Rice inspects secret post in S. Korea


Secretary of State Condoleezza Rice, right, is greeted by students upon her arrival in Seoul on Saturday. 
 (Associated Press / The Spokesman-Review)
Renee Schoof Knight Ridder

SEOUL, South Korea – A Black Hawk helicopter on Saturday lifted Secretary of State Condoleezza Rice to a secret command post under a mountain outside Seoul where U.S. and South Korean military operations would be directed if war ever broke out.

Rice visited Command Post Tango during a training exercise held twice a year for several thousand U.S. forces from Guam, Hawaii and the continental United States.

Rice told U.S. and South Korean military personnel she wanted to thank them “for what you do here on the frontlines of freedom.” She was the most senior U.S. official ever to visit Command Post Tango, short for Theater, Air, Naval and Ground Operations.
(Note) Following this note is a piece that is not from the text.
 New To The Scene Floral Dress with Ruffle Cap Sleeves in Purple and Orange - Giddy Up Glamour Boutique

The U.S.-South Korean alliance, she said, is “one of the bulwarks of freedom in East Asia.”

Rice spoke in the communication room where Gen. Leon J. LaPorte, the four-star general who commands U.S. and South Korean forces, receives and analyzes intelligence.

Digital communication about the movement of military personnel throughout South Korea and on carriers at sea goes up on a multiscreen panel the military calls its “wall of knowledge.”
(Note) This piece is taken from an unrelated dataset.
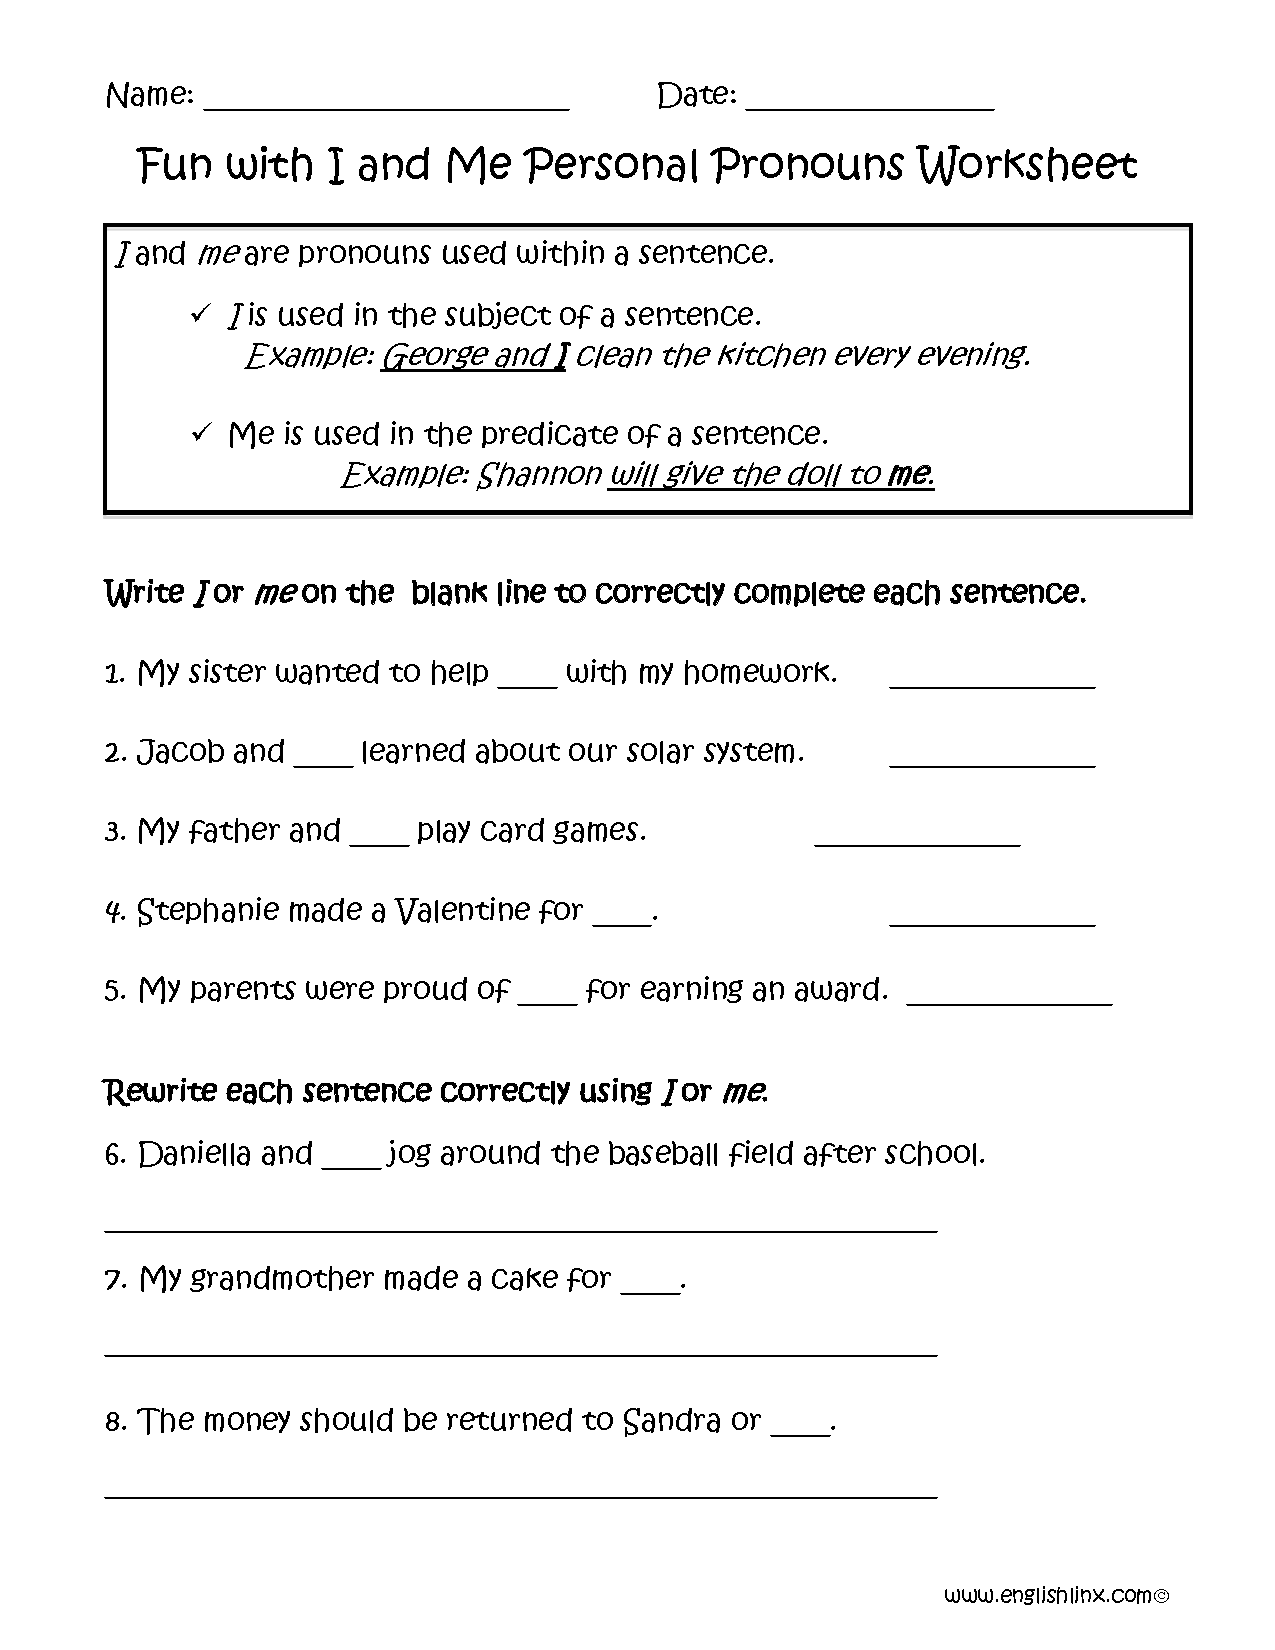 Fun with I or Me Personal Pronouns Worksheets

Col. Mary Ann Cummings said “over several hundred” (the exact number was classified) military personnel worked full time at the command post, a large series of corridors and rooms dug deep into a mountain covered with bare trees, pines and boulders. Reporters covering Rice’s visit were the first ever allowed in.

The exact location also was secret – “south of Seoul,” Cummings said – but close enough to the capital to put it in range of North Korean artillery. The De-Militarized Zone between North and South Korea is just about 30 miles from the South Korean capital.
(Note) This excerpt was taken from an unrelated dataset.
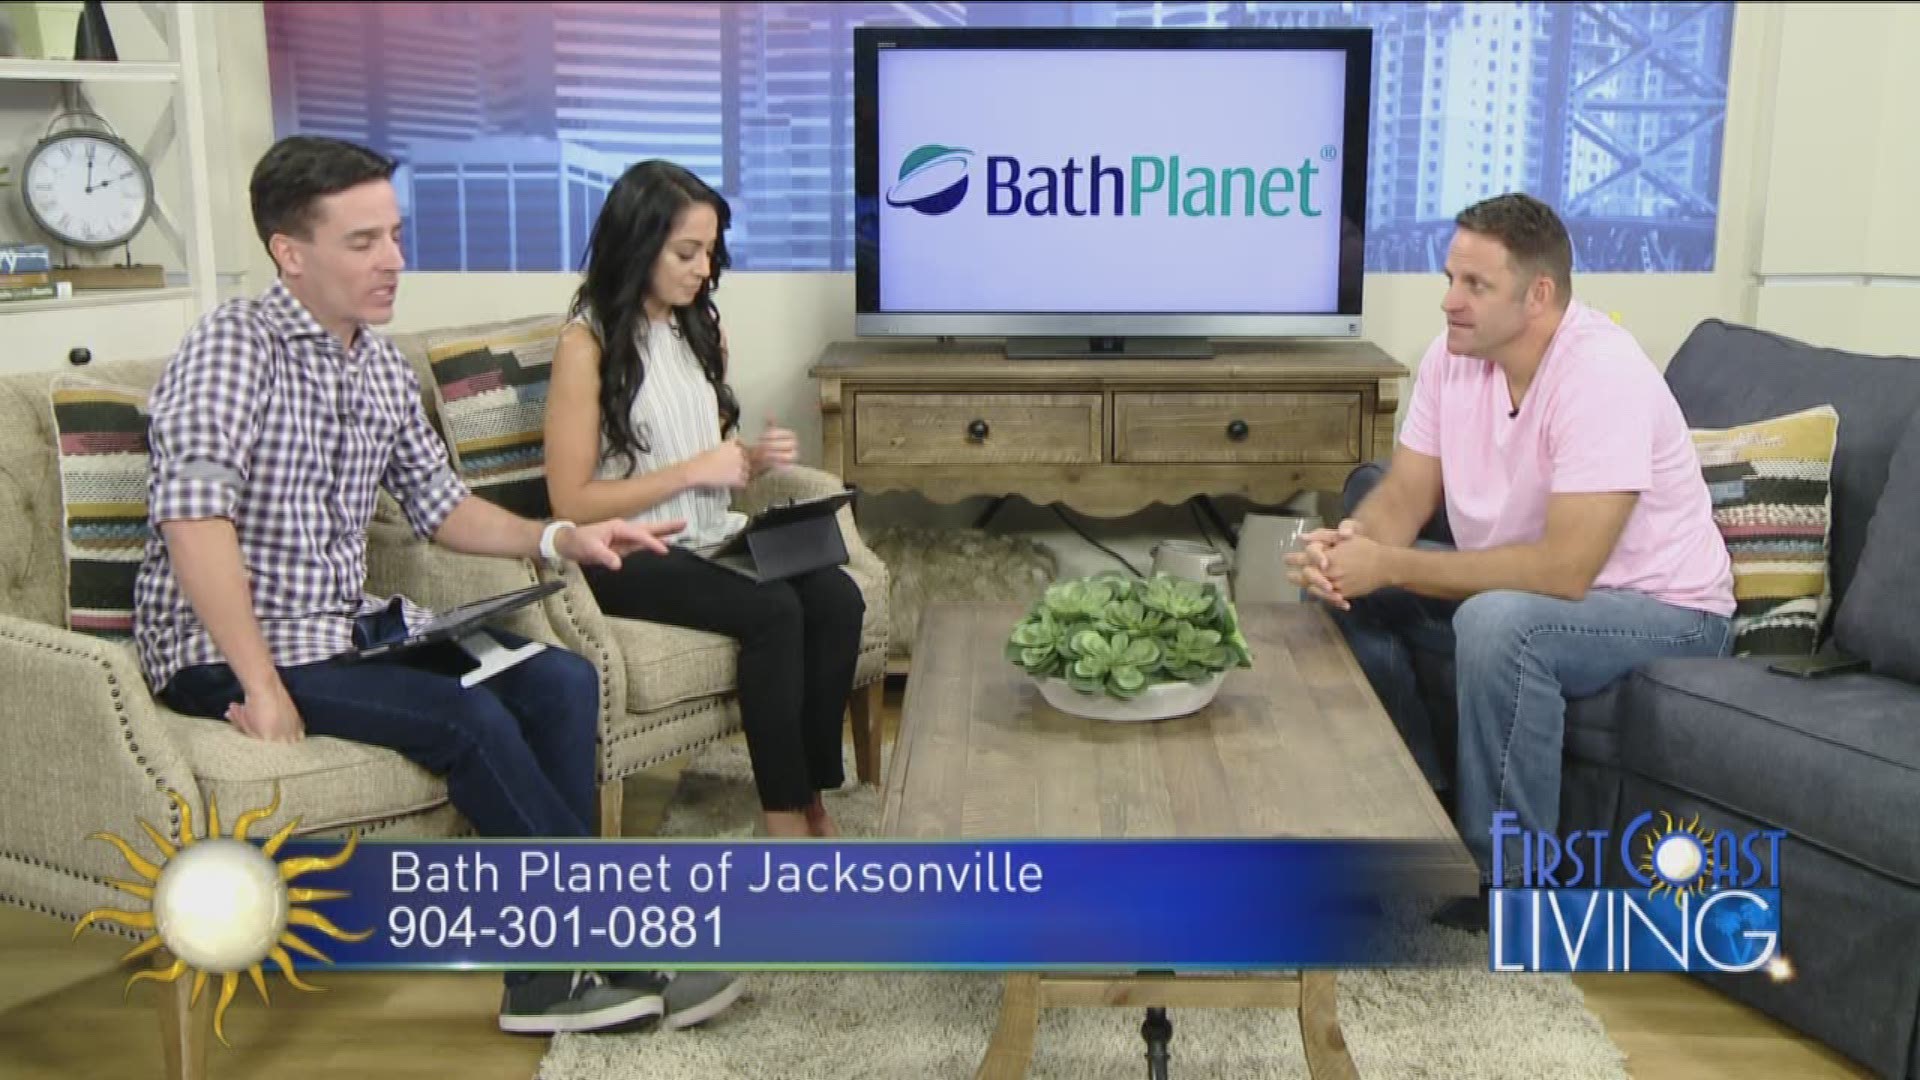 Update your Bathroom with Bath Planet

The ongoing training exercise covers battle command, staging and moving troops and protecting, tracking and sustaining them in a war.

There are 32,500 American service personnel in South Korea – down from 37,500 last year.

Rice thanked South Koreans for their service in Iraq and Afghanistan. She also noted that some people transferred to Iraq from the joint command in South Korea had been killed.

“We know that nothing of value is ever earned without sacrifice,” she said.